Median absolute and relative kinetic changes of the four parameters were calculated and compared. The hs-TnT showed the highest absolute and relative kinetic change values in the 35 patients, who were reassayed for hs-TnT, being 152ng/L and 145% respectively. Moreover, statistical comparison between the 1st and 2nd samples regarding all cardiac markers done revealed a highly significant change between them but hs-TnT had the highest z value.
Receiver operating characteristic curve (ROC) analysis was applied to assess the diagnostic performance of hs-TnT in discriminating patients from control group. The best cutoff was 4.8ng/L. This cutoff had a diagnostic sensitivity, specificity, PPV, NPV and efficiency of 96%, 100%, 100%, 83.3% and 96.7% respectively. The AUC was 0.966.

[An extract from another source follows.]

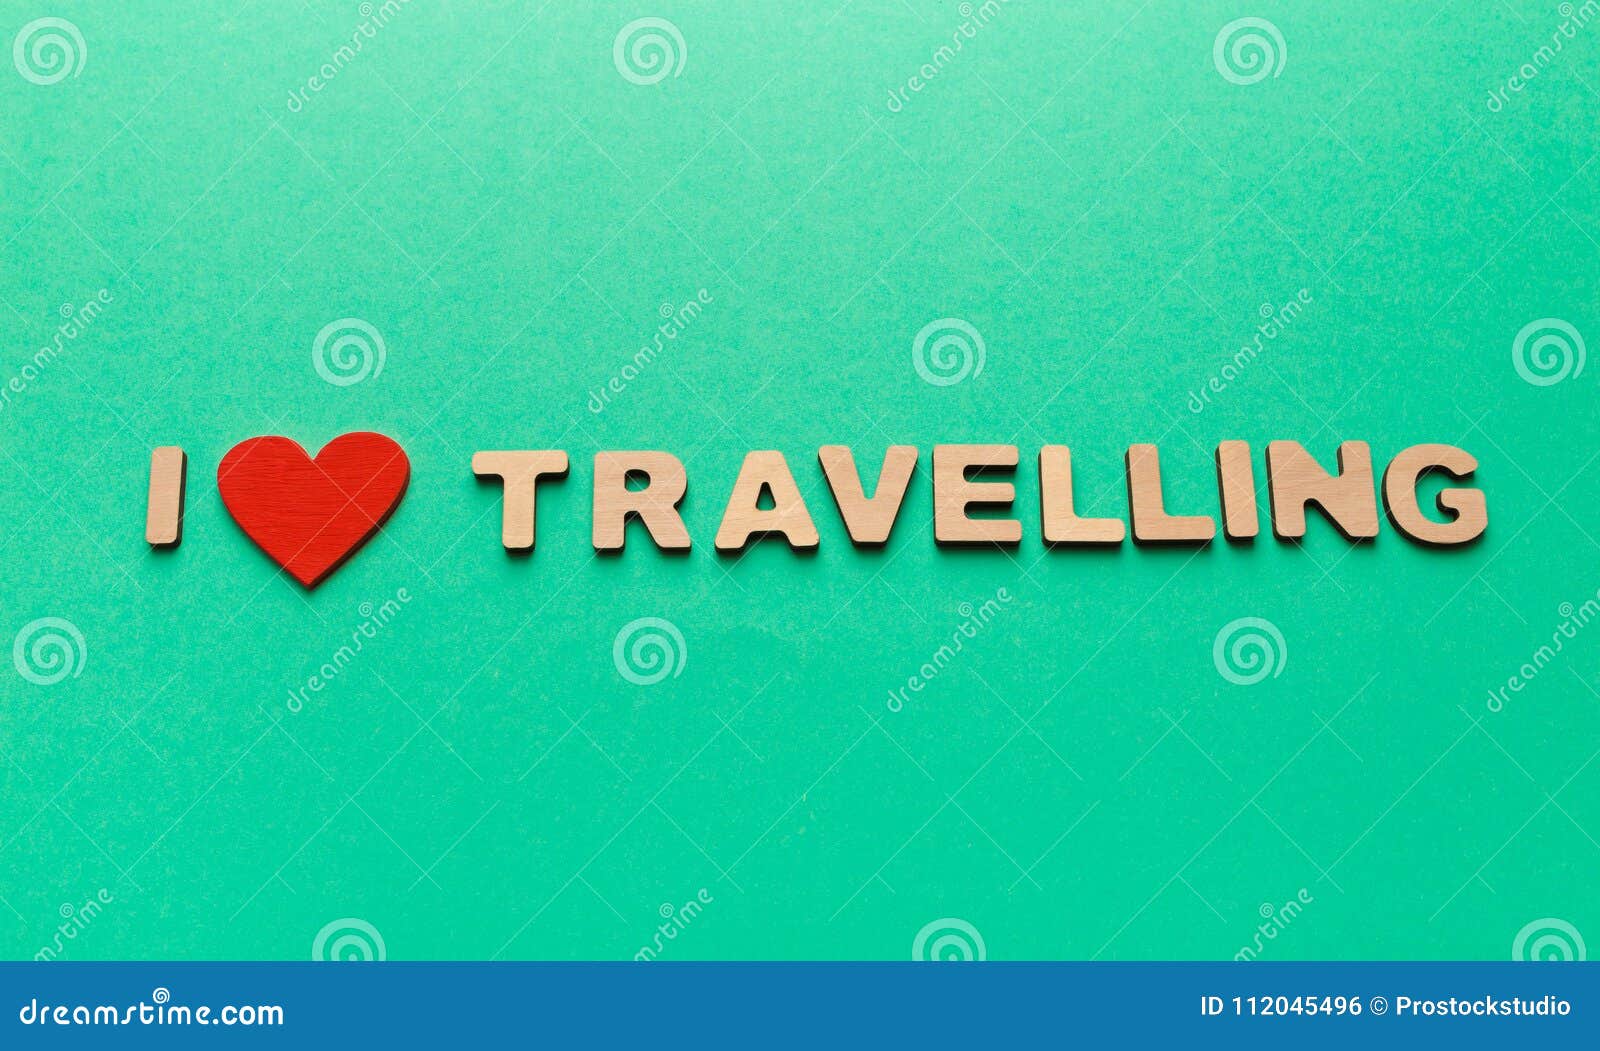 i love travelling an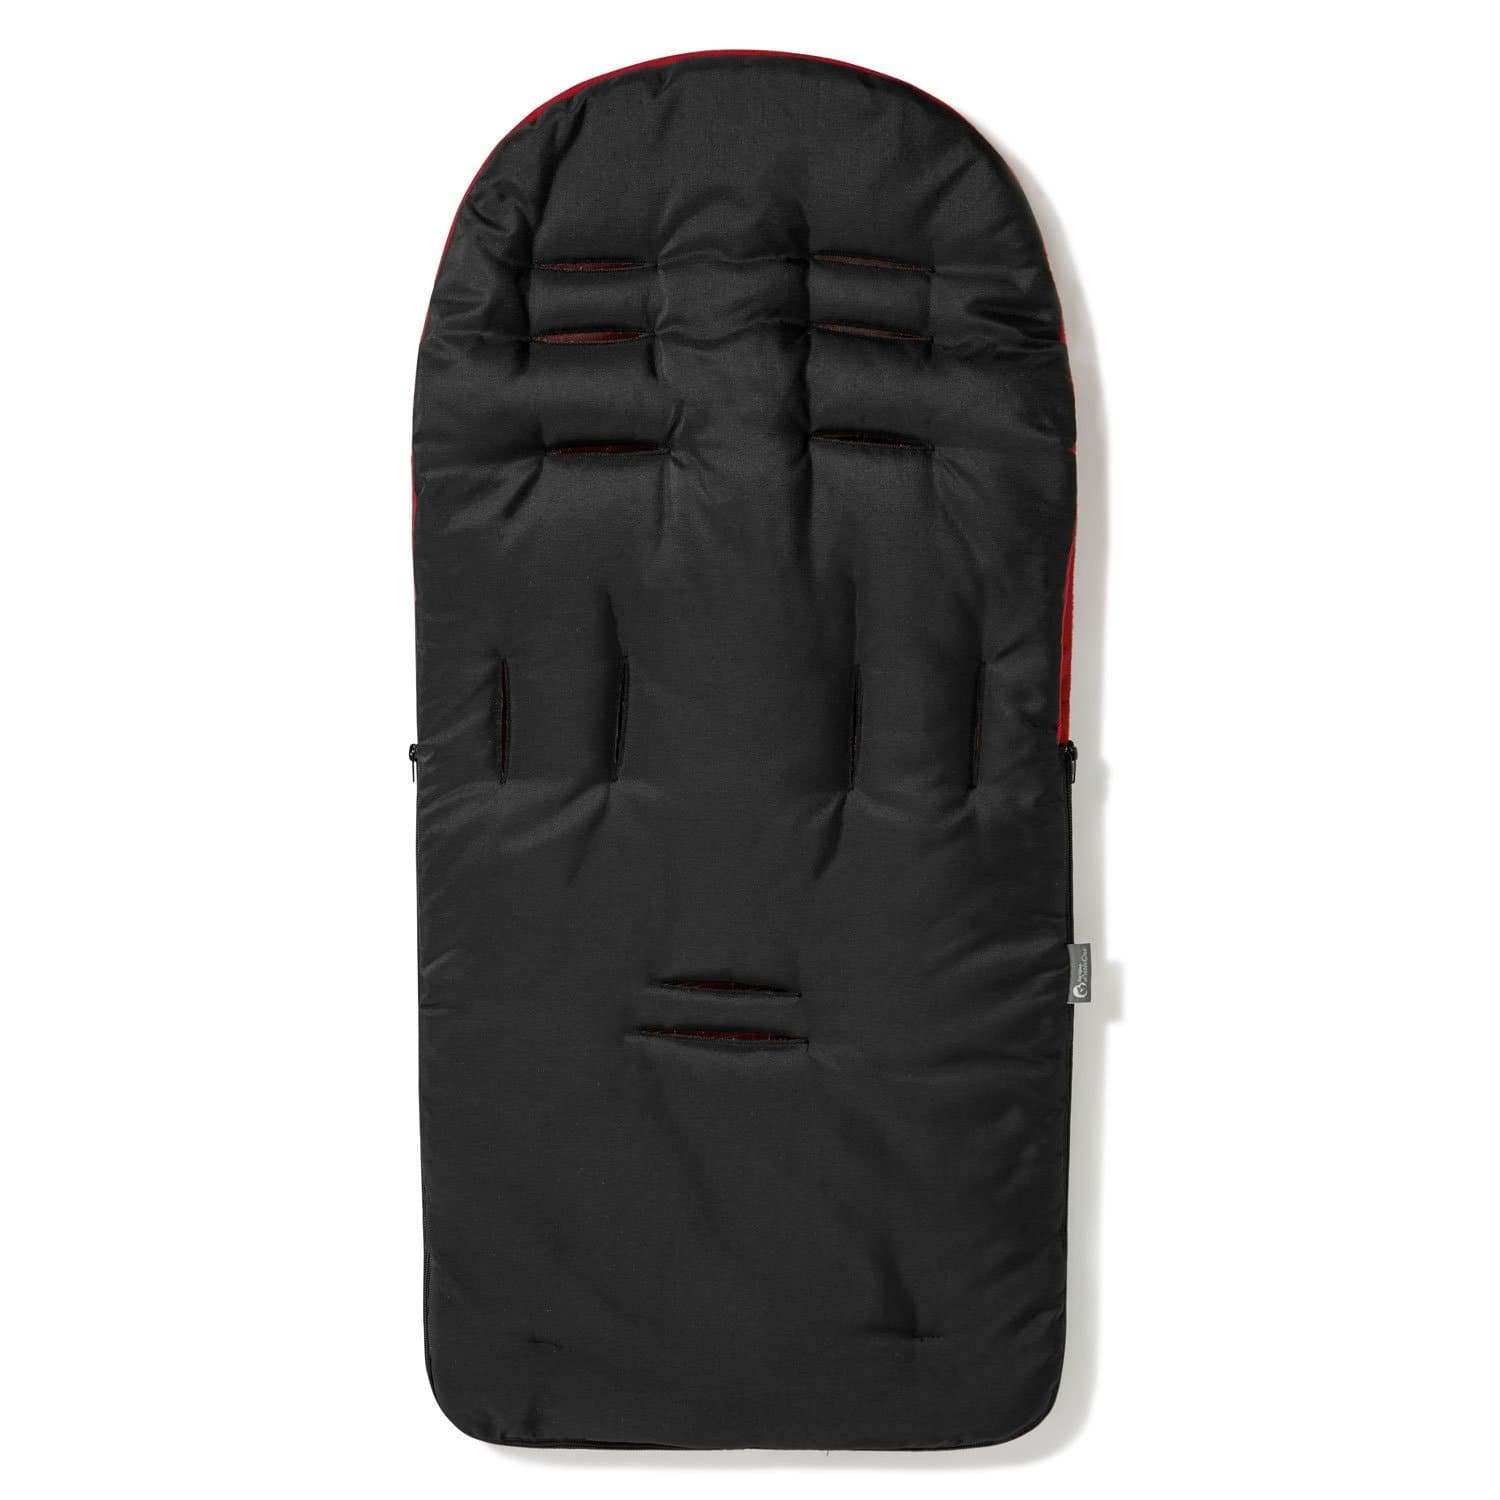 Premium Footmuff / Cosy Toes Compatible with BOB - For Your Little One

Another receiver operating characteristic curve (ROC) analysis was applied to assess the diagnostic performance of hs-TnT for discriminating NSTEMI patients from UA patients. The best diagnostic cutoff for hs-TnT was 13.7ng/L. This had a diagnostic sensitivity, specificity, NPV, PPV and efficiency of 97%, 88.2%, 93.8, 94.1% and 94% respectively. The area under curve (AUC) was 0.966.
In conclusion, serum hs-TnT was significantly higher in ACS patients compared to controls and showed that a cut off 4.8ng/L could discriminate between them. Hs-TnT assay could also discriminate cases of AMI from those with UA using the cut off value 13.7ng/L. Our study also demonstrated highly significant absolute and relative kinetic changes in hs-TnT levels in patients with AMI. Therefore, the use of 2 samples with 6-8 hours interval is better than depending on 1sample only on admission. The hs-TnT can be used for early rule in patients with MI as it could detect 97% of cases with MI whose troponin I were negative and could detect 100% of cases of MI after 6-8 hours compared to troponin I which could detect only 21.2% of cases. This can be of great importance in the future introduction and use of the new high sensitive assay as a non invasive reliable diagnostic tool to replace the currently used invasive diagnostic techniques for patients with ACS.